Infinitely Losing My Edge
Yeah, I'm losing my edge.
I'm losing my edge.
The kids are coming up from behind.
I'm losing my edge.
I'm losing my edge to the kids from Kuwait and from Manchester.
But I was there.
I was there in 1962.
I was there at the first Guess Who show in Winnipeg.
I'm losing my edge.
I'm losing my edge to the kids whose footsteps I hear when they get on the decks.
I'm losing my edge to the internet seekers who can tell me every member of every good group from 1968 to 1970.
I'm losing my edge.
To all the kids in Spokane and Mexico City.
I'm losing my edge to the art-school Beijing kids in little jackets and borrowed nostalgia for the unremembered nineties.
I'm losing my edge.
I'm losing my edge.
I can hear the footsteps every night on the decks.
But I was there.
I was there in 1975 at the first Ubu practice in a loft in Cleveland.

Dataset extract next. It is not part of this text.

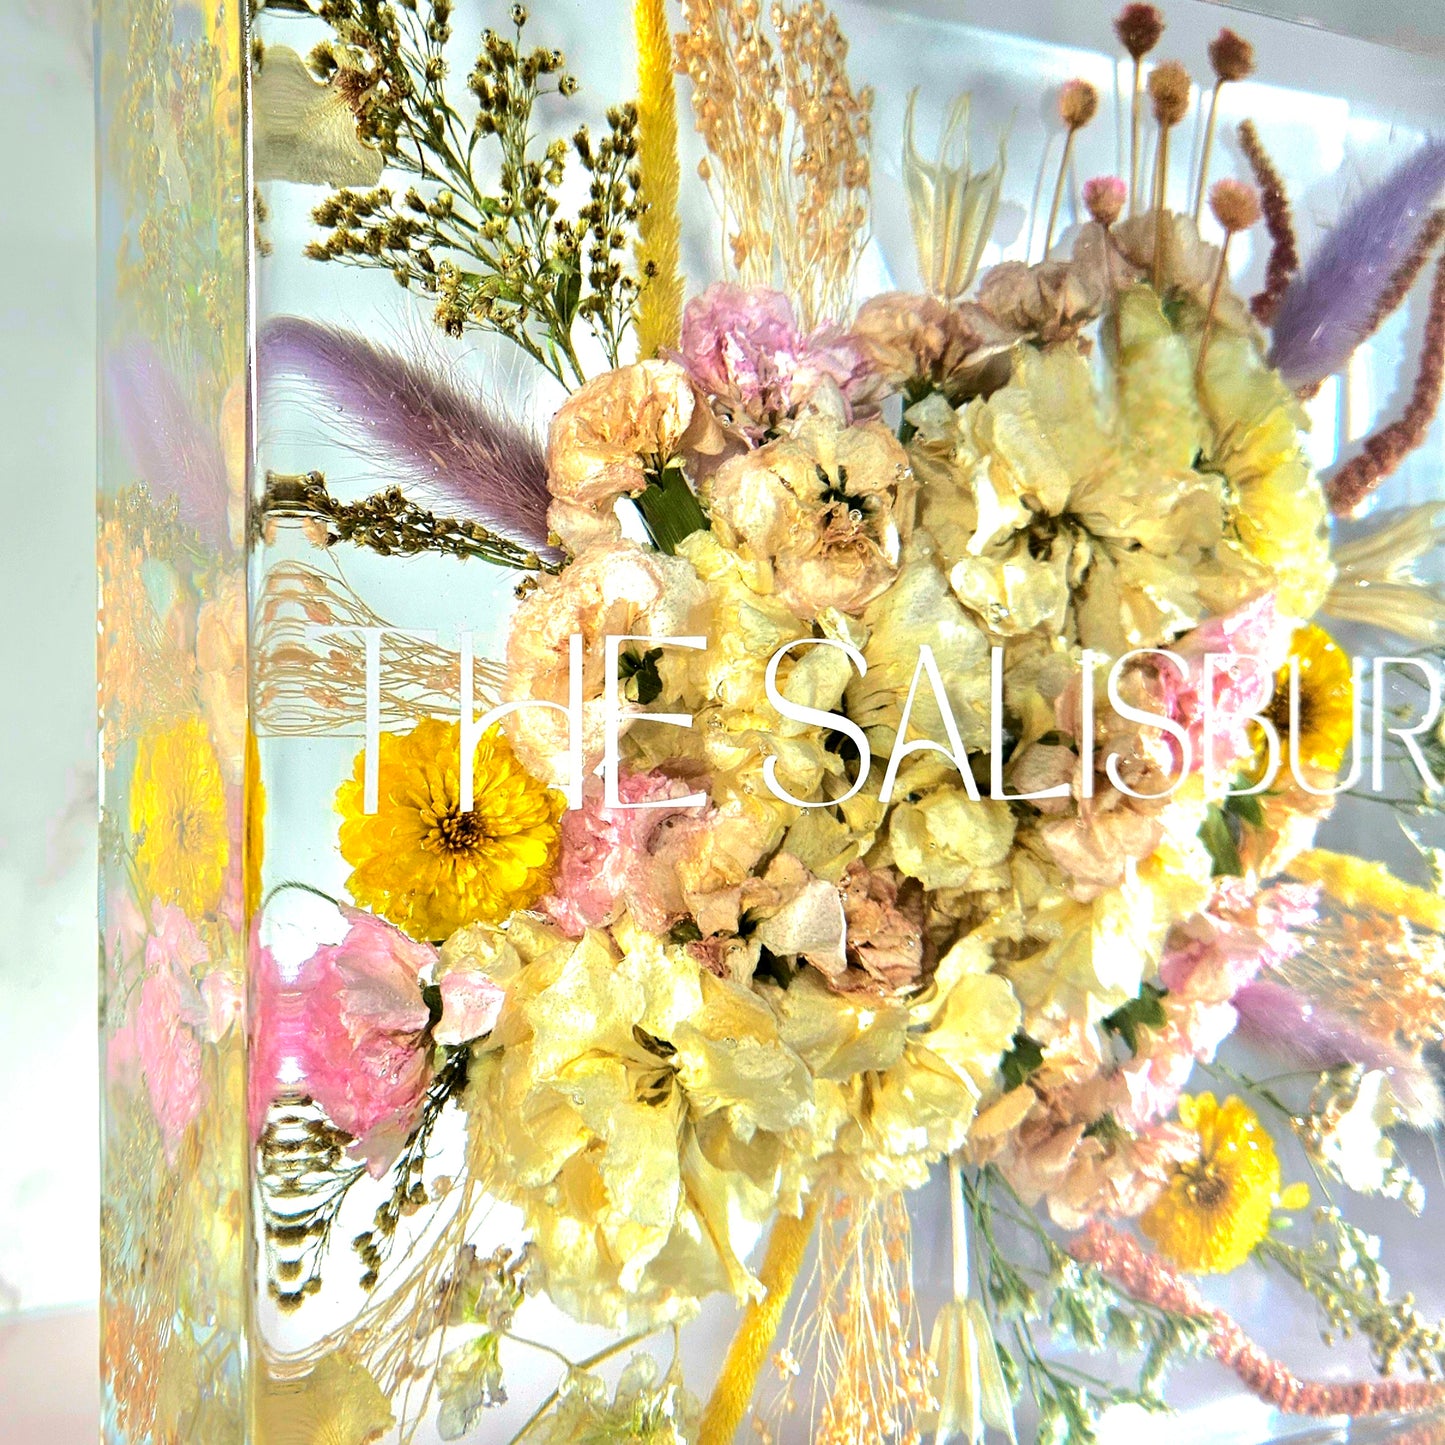 10"x10" 3D Resin Wedding Bouquet Preservation Save Your Wedding Flowers Forever Gift Keepsake

I was working on the spring reverb sounds with much patience.
I was there when Nile Rodgers started up his first band.
I told him, "Don't do it that way. You'll never make a dime."
I was there.
I was the first guy playing Camron Feat. Memphis Bleek And Beenie Seigel to the disco kids.
I played it at the Troubador.
Everybody thought I was crazy.
We all know.
I was there.
I was there.
I've never been wrong.
But I'm losing my edge to better-looking people with better ideas and more talent.
And they're actually really, really nice.
I'm losing my edge.
I heard you have a compilation of every good song ever done by anybody.
Every great song by Main Source. All the underground hits.
All Liliput tracks. I heard you have a vinyl of every Anthony Braxton record on German import.
I heard that you have a white label of every seminal rock hit - 1985, '86, '87.
I heard that you have a CD compilation of every good '70s cut and another box set from the '70s.
I hear you're buying a sitar and a guitar and are throwing your macbook out the window because you want to make something real. You want to make a Juan Atkins record.
I hear that you and your band have sold your arpeggiator and bought an oboe.
I hear that you and your band have sold your oboe and bought an arpeggiator.
I hear everybody that you know is more relevant than everybody that I know.
But have you seen my records?
Mr. Review,
The Fugs,
Bluetip,
The Mummies,
K-Klass,
Wolf Eyes,
Camberwell Now,
T.S.O.L.,
The Knickerbockers,
Neil Young,
Pagans,
The Golliwogs,
Funky Four + One,
The Remains,
Henry Cow,
Moebius,
John Coltrane,
Lakeside,
Rekid,
Khruangbin,
Ituana,
New York Dolls,
The Skatalites,
Big Daddy Kane,
Qualms,
Rod Modell,
Andrew Ashong & Theo Parrish,
Infiniti,
Howard Jones,
The Divine Comedy,
Tomorrow,
The Smiths,
Ultravox,
Grauzone,
N.O.R.E. Featuring Pharrell,
Make Up,
Ken Boothe,
Bad Manners,
Amon Düül II,
Sun Ra,
Smog,
Carl Craig,
Ultimate Spinach,
Dr. Dre and Snoop Doggy Dog,
DJ Sneak,
Manfred Mann's Earth Band,
Harmonia,
Sister Nancy,
The Chocolate Watch Band,
Scott Walker + Sunn O))),
Newcleus,
James Chance & The Contortions,
Icehouse,
The Zeros,
Fort Wilson Riot,
The Martian,
kango's stein massive,
Bill Wells,
Yazoo,
Basic Channel,
Negative Approach,
Throbbing Gristle, Throbbing Gristle, Throbbing Gristle, Throbbing Gristle.
You don't know what you really want.
You don't know what you really want.
You don't know what you really want.
You don't know what you really want.
You don't know what you really want.
You don't know what you really want.
You don't know what you really want.
You don't know what you really want.
You don't know what you really want.
You don't know what you really want.
You don't know what you really want.
You don't know what you really want.
You don't know what you really want.
You don't know what you really want.
You don't know what you really want.